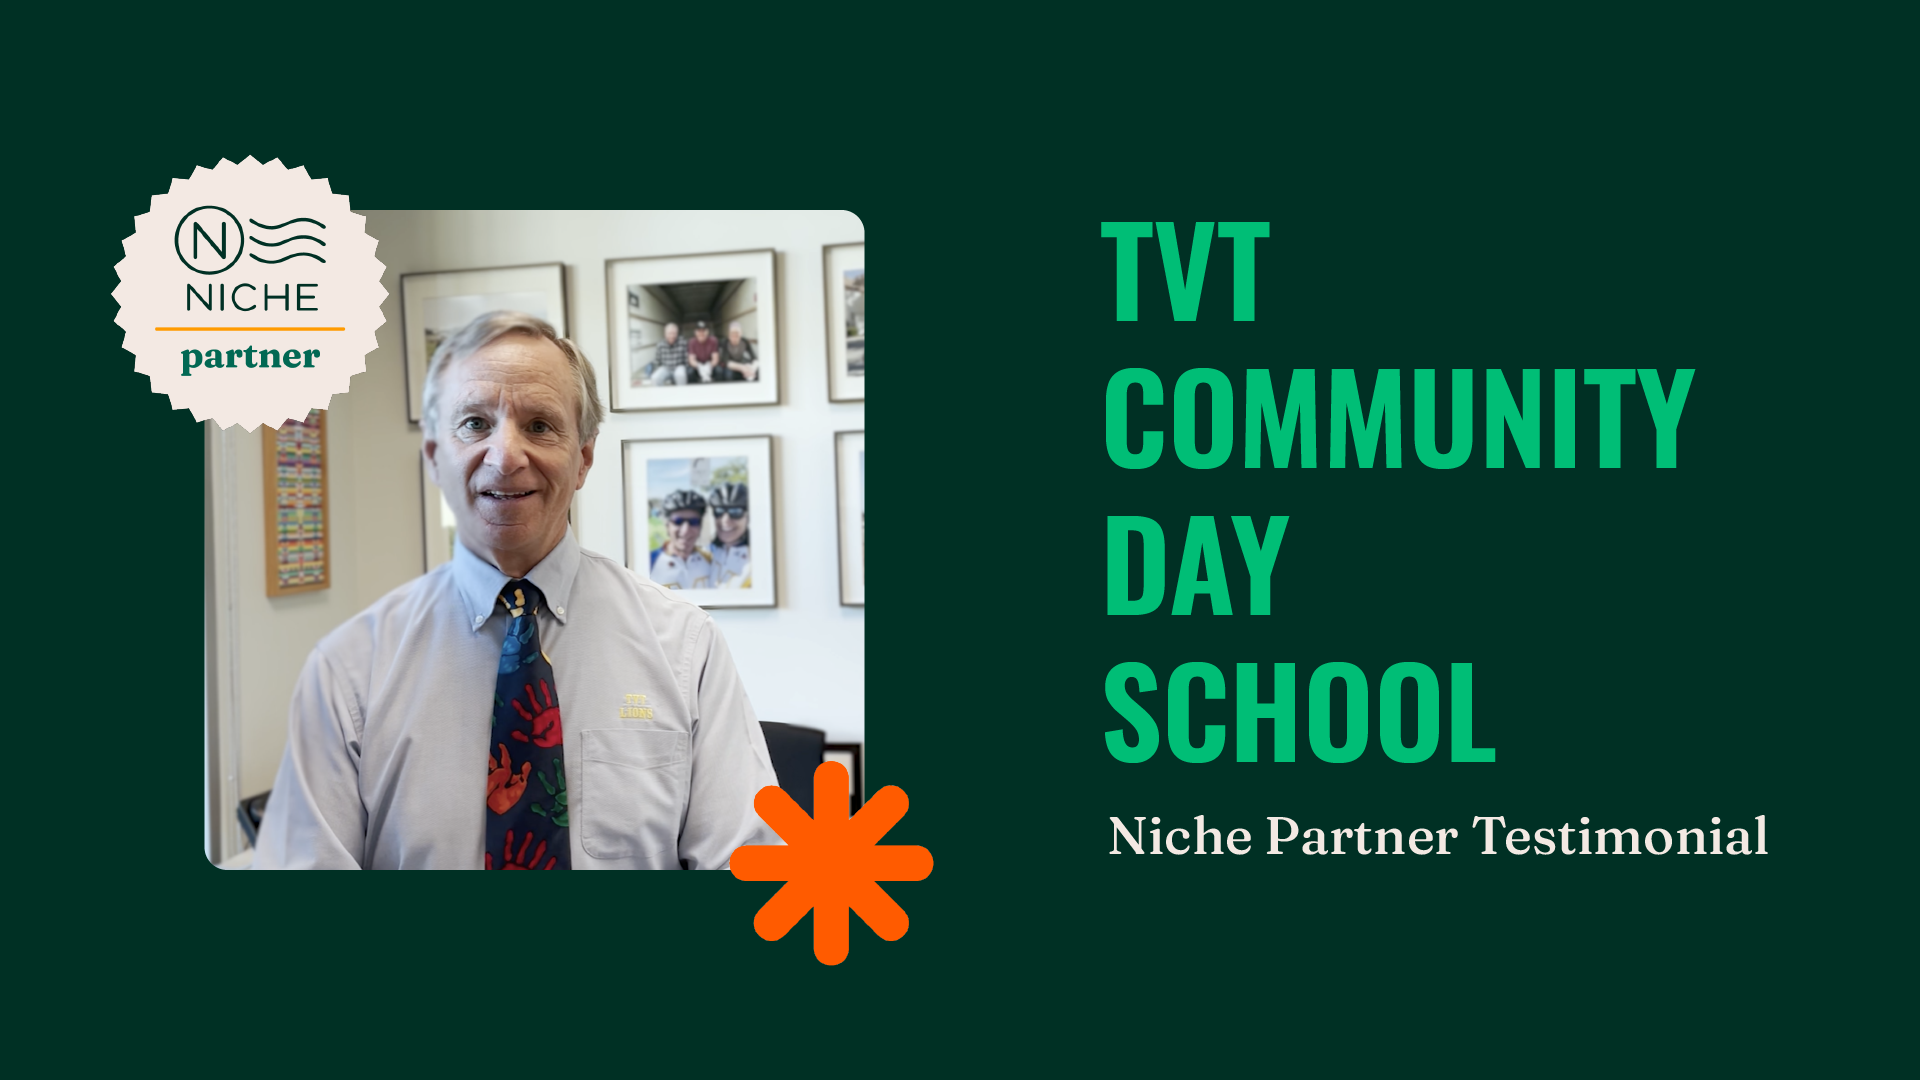 TVT Community Day School
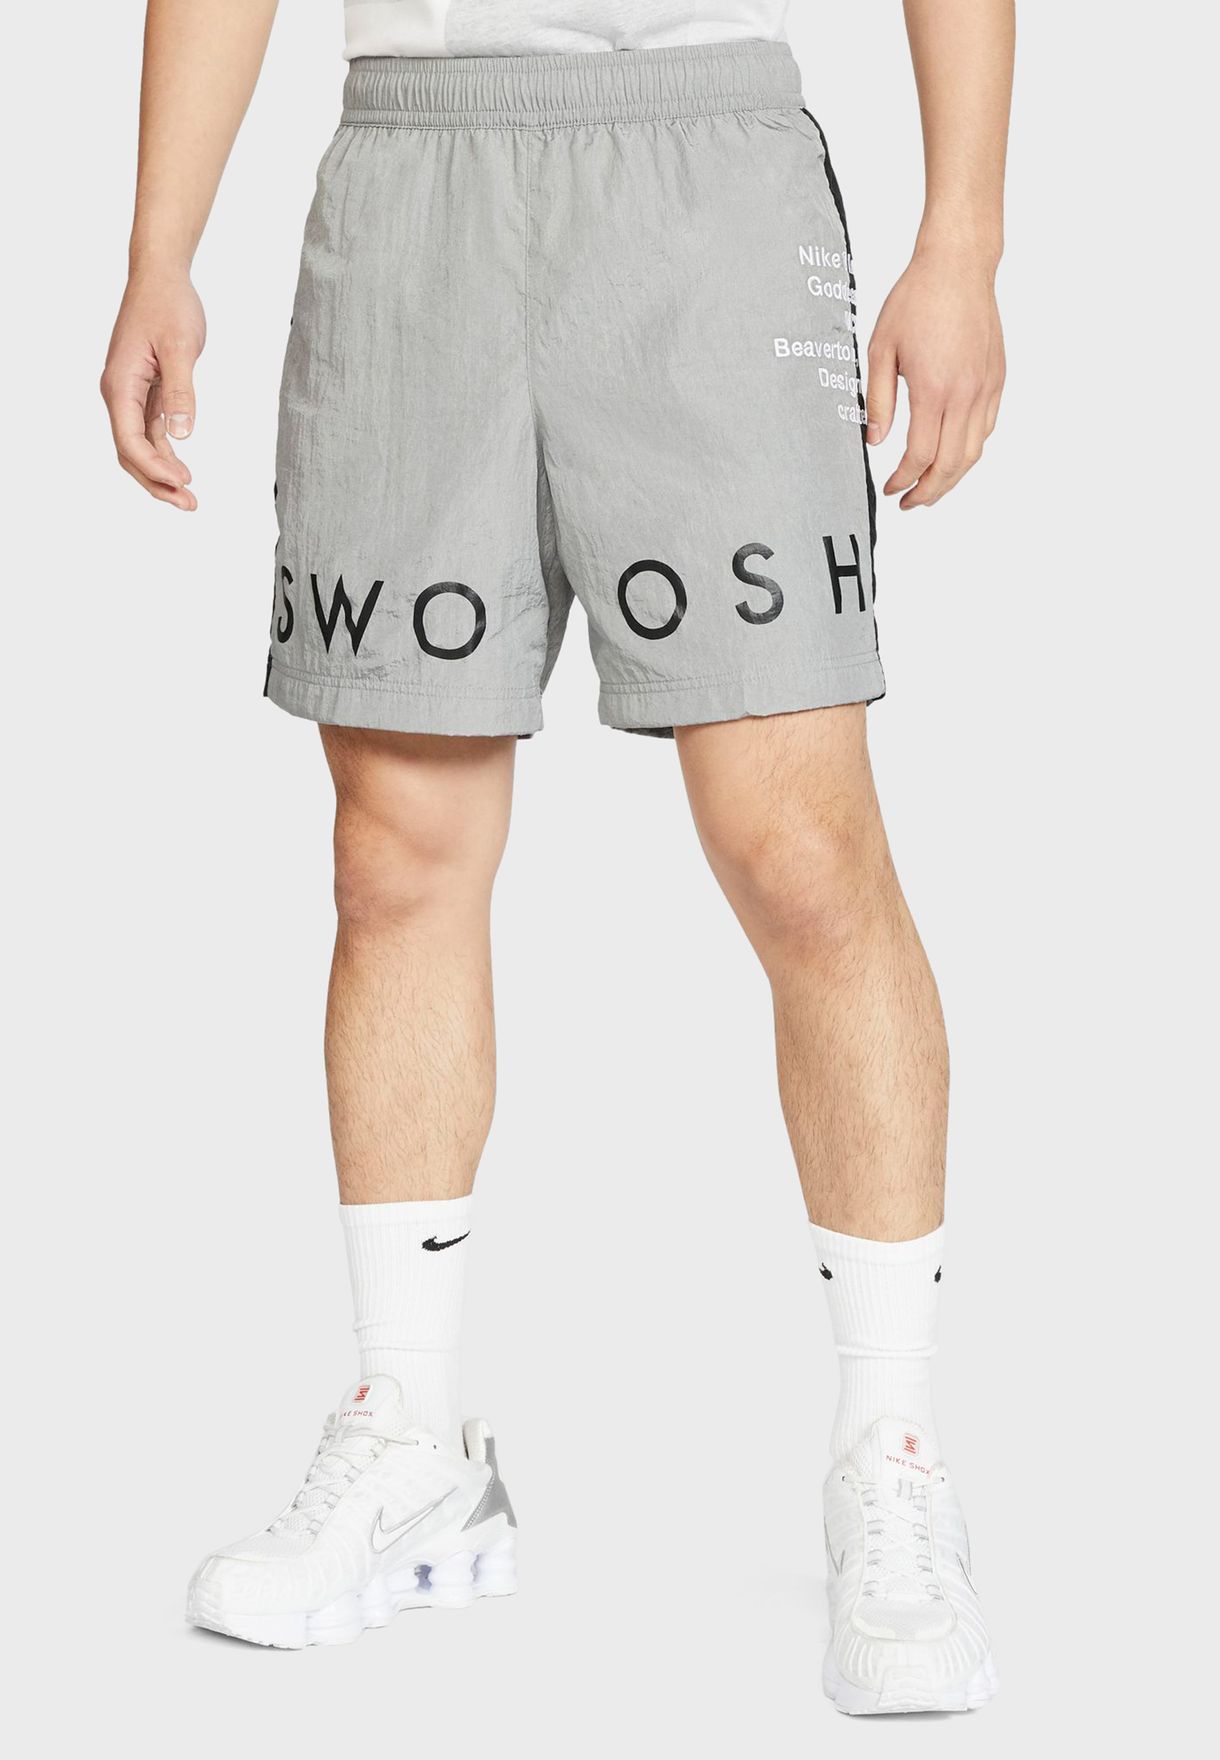 grey nike swoosh shorts
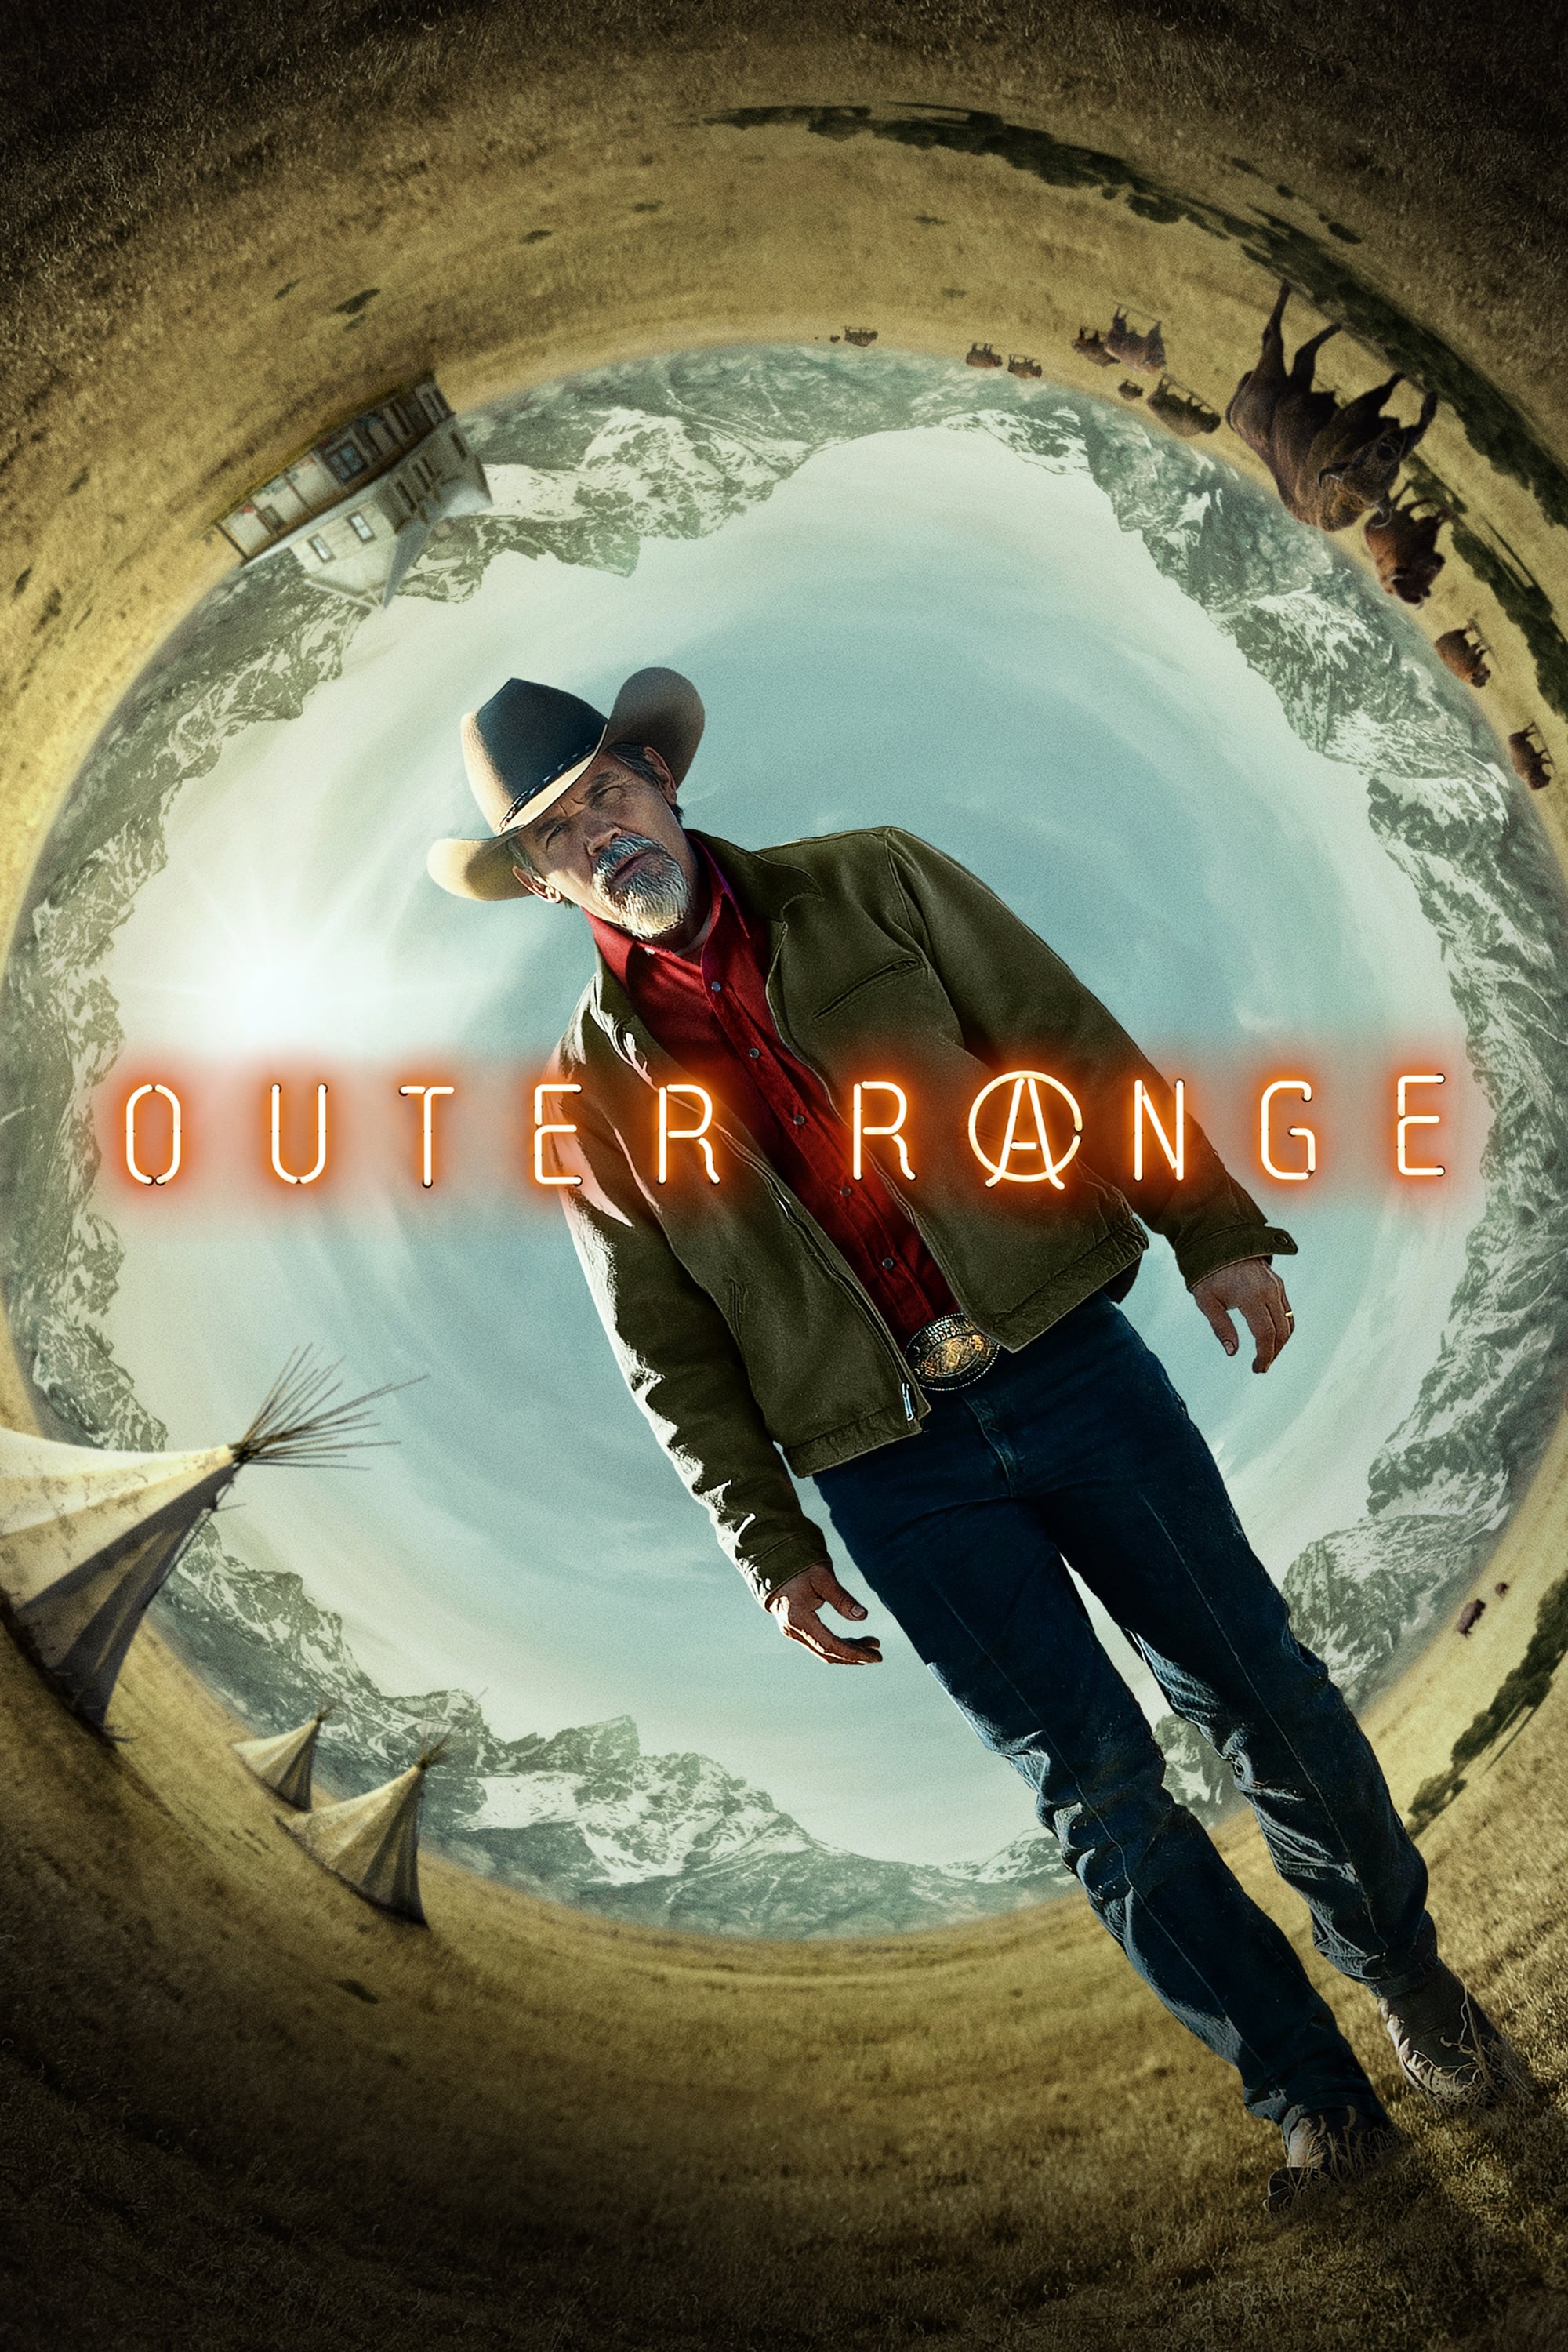 Outer Range (2022)

---*---

> PROBLEM TO SOLVE: With the pictures omitted, give every line above again exactly.

> OUTPUT BELOW:
 TVT Community Day School
 grey nike swoosh shorts
 Outer Range (2022)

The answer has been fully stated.